Il pensiero inutile di fronte alle lotte di classe

Sulla rivolta di Minneapolis, nel frattempo tracimata in ribellione sociale in tutto il paese, si sono come di consueto formati due campi ideologici della sinistra inutile. Da una parte il rioters di professione, immarcescibile prodotto dell’Occidente post-novecentesco, a cui la rivolta americana provoca brividi di godimento proprio perché ne valorizza il lato “impolitico”, “disorganizzato”, “insorgente” e, quindi, svincolato completamente da quel Novecento che, al contrario, presentava la politica come fatto mediato da un pensiero e da un’organizzazione strutturati; al lato opposto il “marxista” smaliziato, pronto a derubricare le rivolte americane a “riot” in quanto non ne scorge l’azione politica consapevole di un qualche “partitocomunista” o “sindacatodiclasse” alle sue spalle o alla sua testa. Ambedue questi atteggiamenti raccontano della crisi della sinistra, almeno di quella italiana.

In primo luogo, la rivolta di Minneapolis va riconosciuta per quello che è: una lotta di classe. Non altro, non di meno. Non è una rivolta semplicemente “antirazzista”, sicuramente non nei termini e nel valore che tale concetto ha in Europa, per ragioni storicamente determinate. In secondo luogo, è una lotta di classe organizzata e cosciente, sebbene non nelle forme tradizionali a cui siamo abituati in Europa. Abitudine, anche qui, formata per determinazioni storiche che differenziano le due sponde dell’Atlantico. Il dato di fatto, scarsamente riconosciuto alle altezze della politica italiana, profondamente introflessa e provinciale, è il grado e la natura di classe di queste rivolte, che ciclicamente esplodono per motivi profondi, che si coalizzano attorno alle “ragioni dei neri” perché è proprio attorno a quel pezzo di società americana che si ritrovano le fratture di classe e i suoi antagonismi fondamentali.

Non è certo Minneapolis che rende evidente questo processo politico-sociale traumatico e fervido di coscienza radicale. Sono decenni che le lotte di classe negli Usa avvengono su di un terreno più avanzato, più radicale e più cosciente delle lotte di classe in Europa. È questo il fatto determinante che dovremmo imparare a riconoscere. La violenza ragionata, la radicalità politica e la consapevolezza sociale che tali rivolte ogni volta palesano, in connessione con pezzi di società profonda americana, e quindi per nulla “avanguardistiche” o scollegate dalla realtà, può non essere replicabile nei contesti europei, ma andrebbe riconosciuta per quel tanto che può insegnare alle lotte di classe di questa parte del mondo.
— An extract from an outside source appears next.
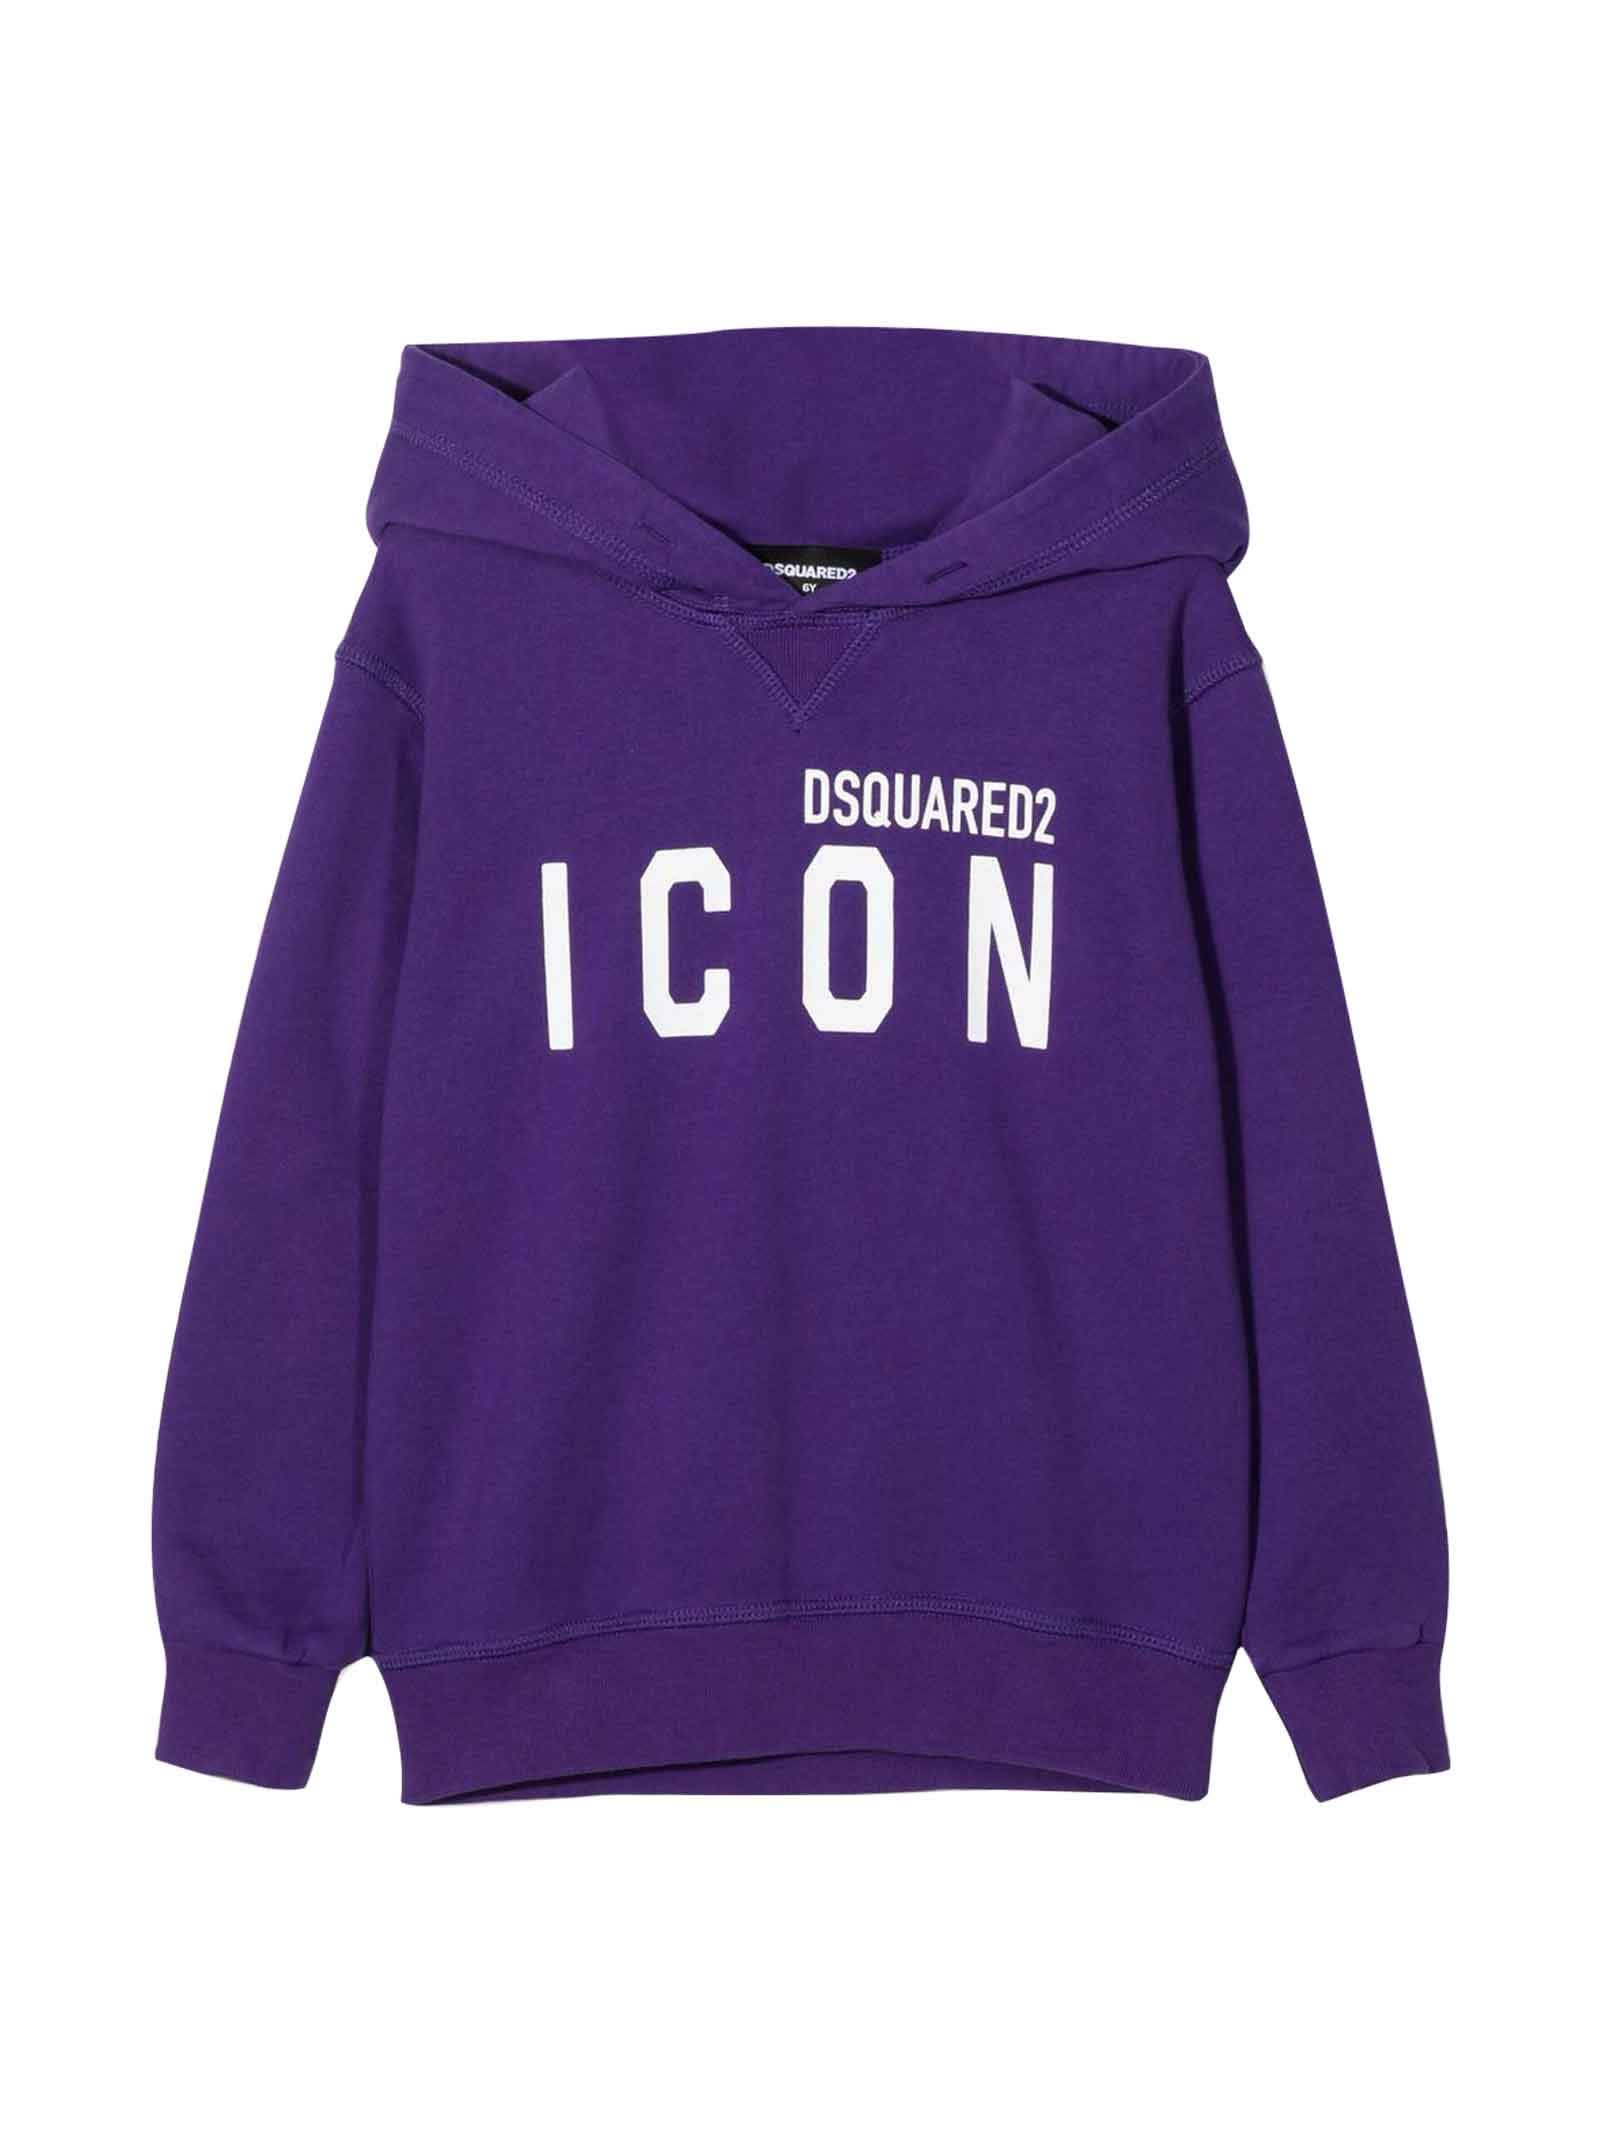 Dsquared2 Kids' Sweatshirt With Print In Violet

Esistono delle differenze che impediscono a queste lotte di agire, influenzare e piegare i rapporti della rappresentanza politica alle ragioni di queste lotte di classe. Un sistema di potere stratificato che impedisce, al momento, di convogliare queste lotte in un progetto politicamente organizzato e influente. È un dato di fatto: l’anticapitalismo nordamericano non riesce a varcare le soglie del duopolio repubblicano-democratico, ed è dentro questa logica che trovano ragione e razionalità le scelte di lottare dentro il partito democratico da parte di alcuni esponenti di queste lotte di classe e di “liberazione razziale”. Consapevoli, tutti quanti, che non è dentro quel sistema chiuso e corrispondente alle ragioni del monopolio industriale (e militare-industriale, altra caratteristica locale senza paragoni in Europa), che si troverà la soluzione dei problemi della società americana, ma – al tempo stesso – costituisce una manovra tattica per sopravvivere e intercettare la massima parte di quel proletariato americano che si situa lungo una linea del colore che – anche qui – non trova ancora aderenze paragonabili nel contesto europeo.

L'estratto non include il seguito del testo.